- 13 December 2008

Filed under: Business Gas - Catalyst Commercial Services Ltd @ 12:43 pm

UK gas prices at the National Balancing Point fell again Friday after a brief recovery over the past two days, on the back of a long system, traders said Friday. After finishing Thursday’s trading session on a short system, Friday trading started on good supplies. At 11:00 GMT, National Grid data showed excess gas of 21.2 million cubic meters. This was met by a decline in demand of 10.8 million cu m to 380.4 million cu m/d. The bearish system pulled prompt prices down. Another factor linked to the weakening of the prompt were Friday’s losses on the crude oil market. “It seems like the curve is driving the prompt at the moment and not the other way round,” one trader said at 1200 GMT. At noon GMT, within-day traded 2.75 p lower from Thursday’s close at 61.25 p/therm. Day-ahead behaved similarly, losing a penny to trade at 62.25 p/th. Amid continuing colder weather, weekend contracts traded flat at 61.50 p/th.
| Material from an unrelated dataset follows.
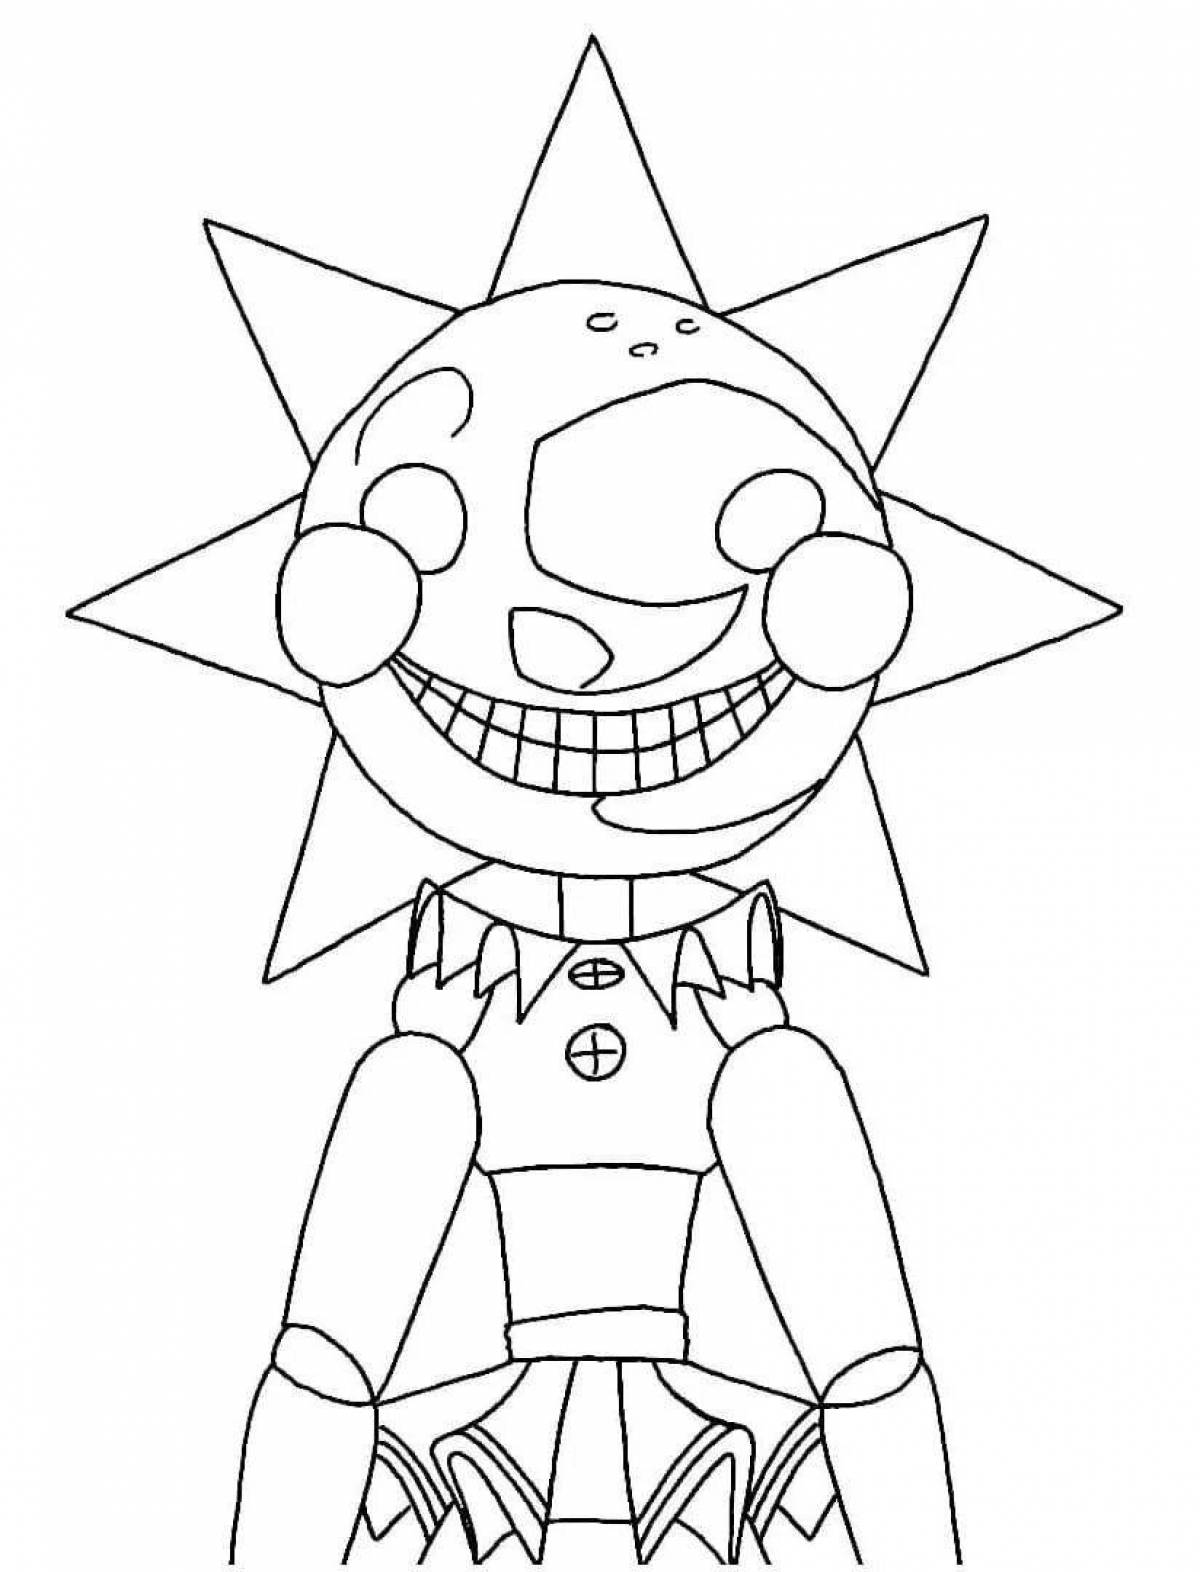 Vivacious fnaf official coloring page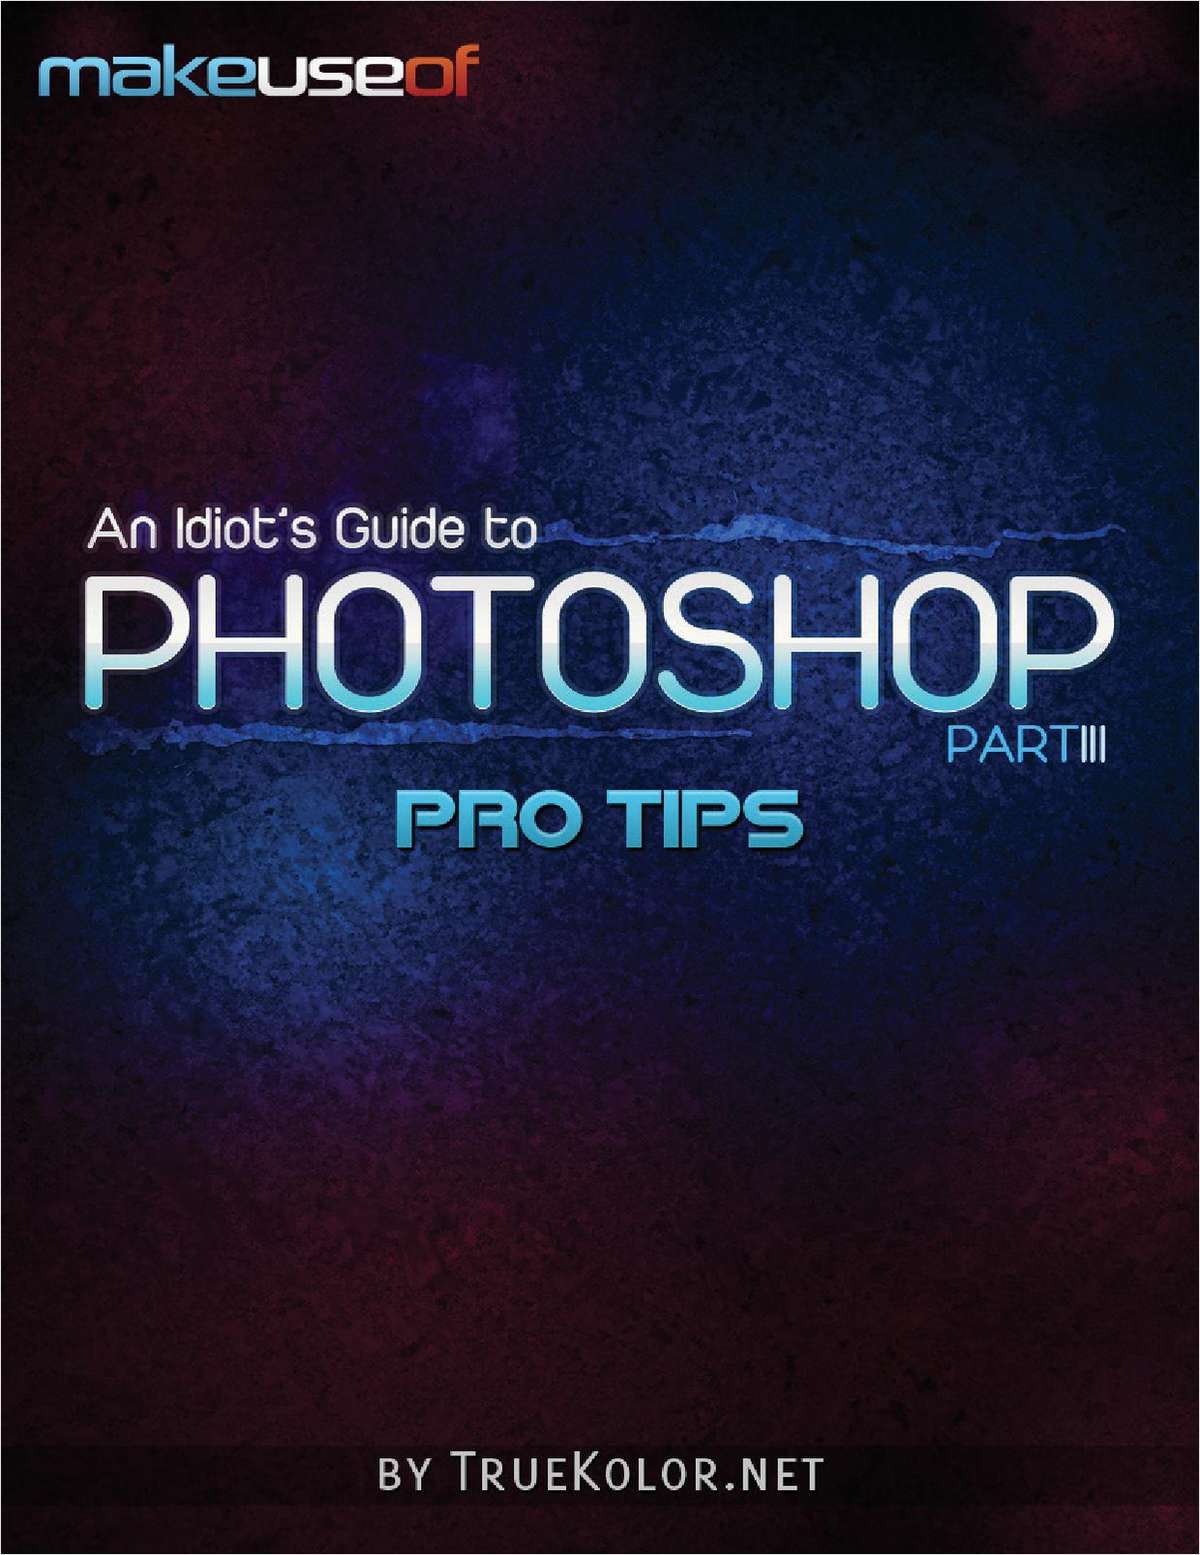 An Idiots Guide to Photoshop: Part 3 - Pro Tips

Flows into the UK were largely stable. Norwegian supplies through the Langeled pipeline were flowing at their maximum strength all morning at about 70 million cu m. Facilities at Hornsea had decreased withdrawals somewhat to 10 million cu m. Withdrawals from Partington facilities were stopped. Early Thursday afternoon the onshore LNG storage site at Partington in northwest England had been turned on to withdraw gas at up to 20 million cu m.

National Grid said Thursday it will be emptying two of the four storage tanks at the end of this storage year, April 30, 2009. The company said it is not planning to refill the two emptied tanks afterward, as the liquefaction plant at the facility is now “reaching the end
of its life.” Rather it will focus on providing a more reliable service from the two remaining tanks. So drawing on Partington could have been partly due to the end of winter plans to shut down, as well as the high demand Thursday. The near curve followed fundamentals on the prompt. January traded down 1.60 p to 61.75 p/th and February traded 1.35 p lower to 62.75 p/th. Further out on the curve the picture was similar. After two relatively stronger days, crude oil weakened again. At 1200 GMT, front month Brent ICE futures traded $2.55 lower from Thursday’s close at $44.84/barrel. Nonetheless, losses on the curve were less dramatic than on the prompt.

According to one curve trader, weaker crude oil was not the only aspect that drove UK gas prices Friday morning. “Oil is helping prices to come down, but there is also people having to get out of their short positions,” he said. This may explain the relative stability of the curve. Summer 2009 was left to trade at 52.25 p/th, down 0.85 p from Thursday’s close. Winter 2009 was also down by 0.85 p to trade at 66.5 p/th. Summer 2010 traded at 56.75 p/th.